Monday, January 04, 2016

Configure Standalone Spark on Windows 10

Background

Its been almost 2 years since I wrote a blog post. Hopefully the next ones will be much more frequent. This post is about my experice of setting up Spark as a standalone instance on Windows 10 64 bit machine. I got back to bit of programming after a long gap and it was quite evident that I struggledd a bit in configuring the system. Someone else coming from a .Net background and new to Java way of working might face similar difficulties tat I faced over a day to get Spark up and running.

 

What is Spark

Spark is an execution engine which is  gaining popularity due to its ability to perform in memory parallel processing. It claims to be upto 100 times more faster compared to Hadoop MapReduce processing methods. It also fits more in the distributed computing paradigm related to big data world. One of the positives of Spark is that it can be run in standalone mode without having to setup nodes in the cluster. This also means that we do not need to set up Hadoop cluster to get started with Spark. Spark is written in Scala & support Scala, Java, Python and R languages as of writing this post in January 2016. Currently it is one of the most popular projects among the different tools used as part of Hadoop ecosystem.

 

What is the problem in installing Spark in stand alone mode on Windows machine?

I started with downloading a copy of Spark distribution 1.5.2 Nov 9 2015 from the Apache website.
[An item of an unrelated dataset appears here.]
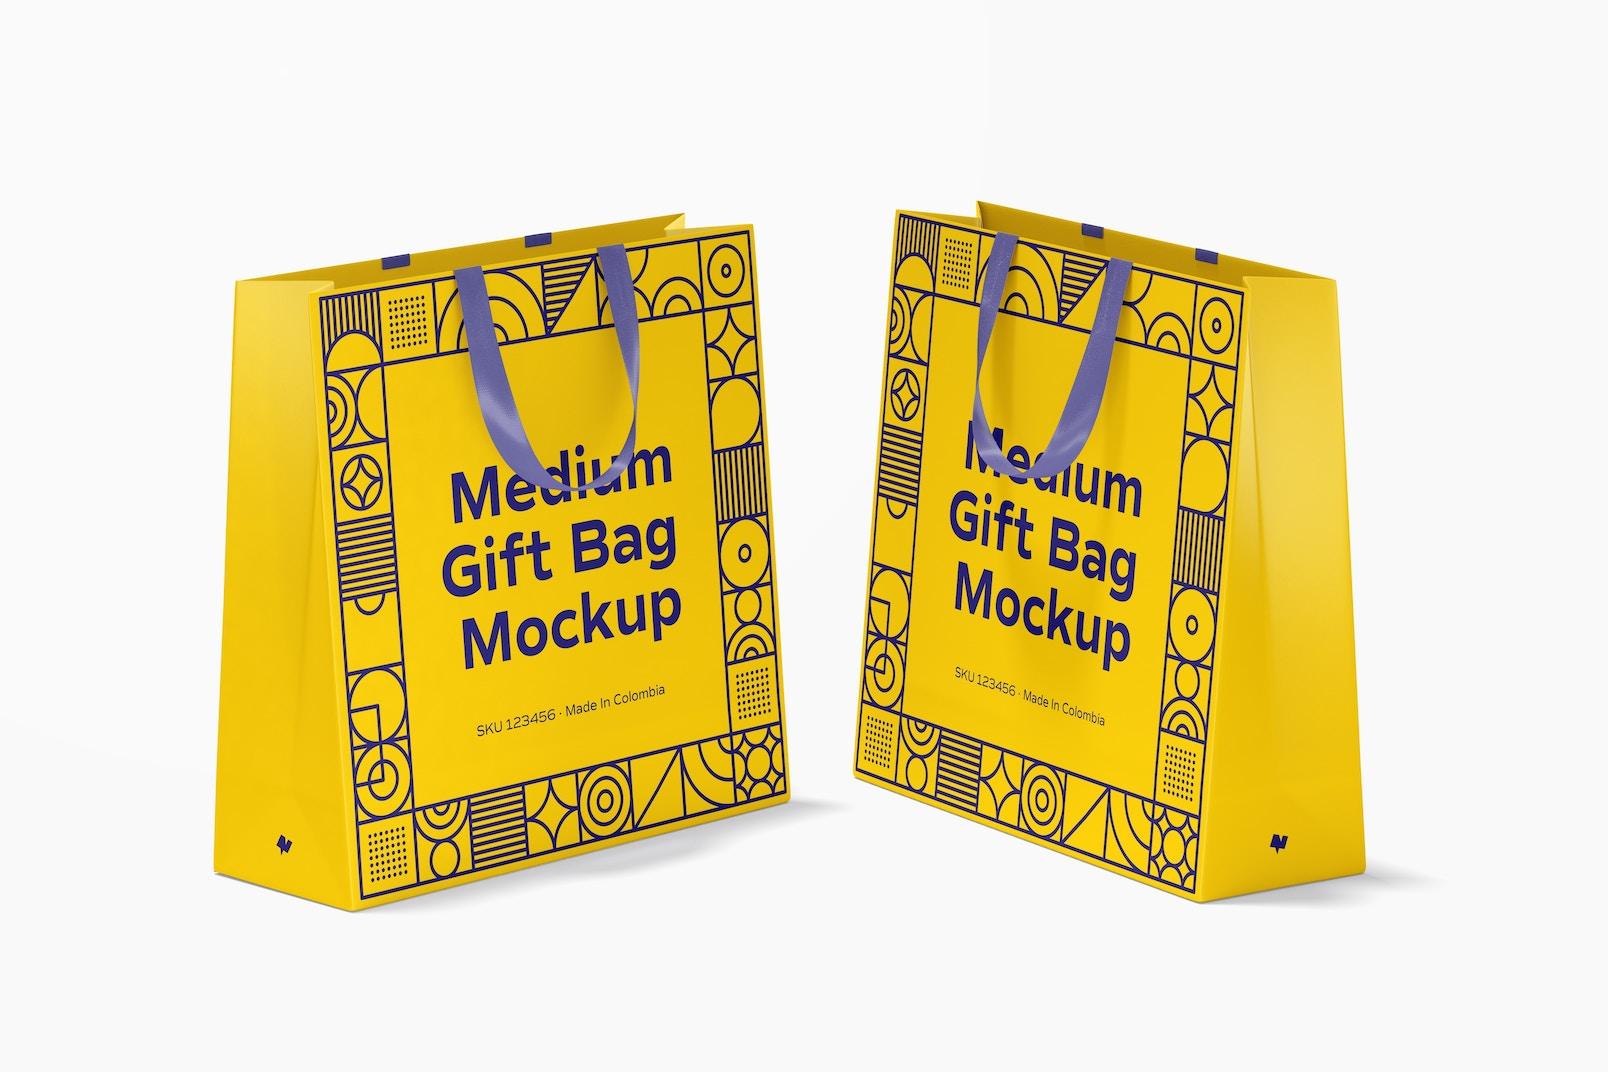 Medium Gift Bags with Ribbon Handle Mockup, Perspective

I chose the version which is pre-built for Hadoop 2.6 and later. If you prefer you can also download the source code & build the whole package. After extracting the contents of the downloaded file, I tried running the Spark-shell command from the commnand prompt. If everything is installed successfully, we should get a Scala shell to execute our commands. Unfortunately on Windows 10 64 bit machine, Spark does not start very well. This seems to be a known issue as there are multiple resources on the internet which talk about it. 

When the Spark-shell command is executed, there are multiple errors which are reported on the console. The error which I received showed problems with creation of SqlContext. There was a big stack trace which was difficult to understand.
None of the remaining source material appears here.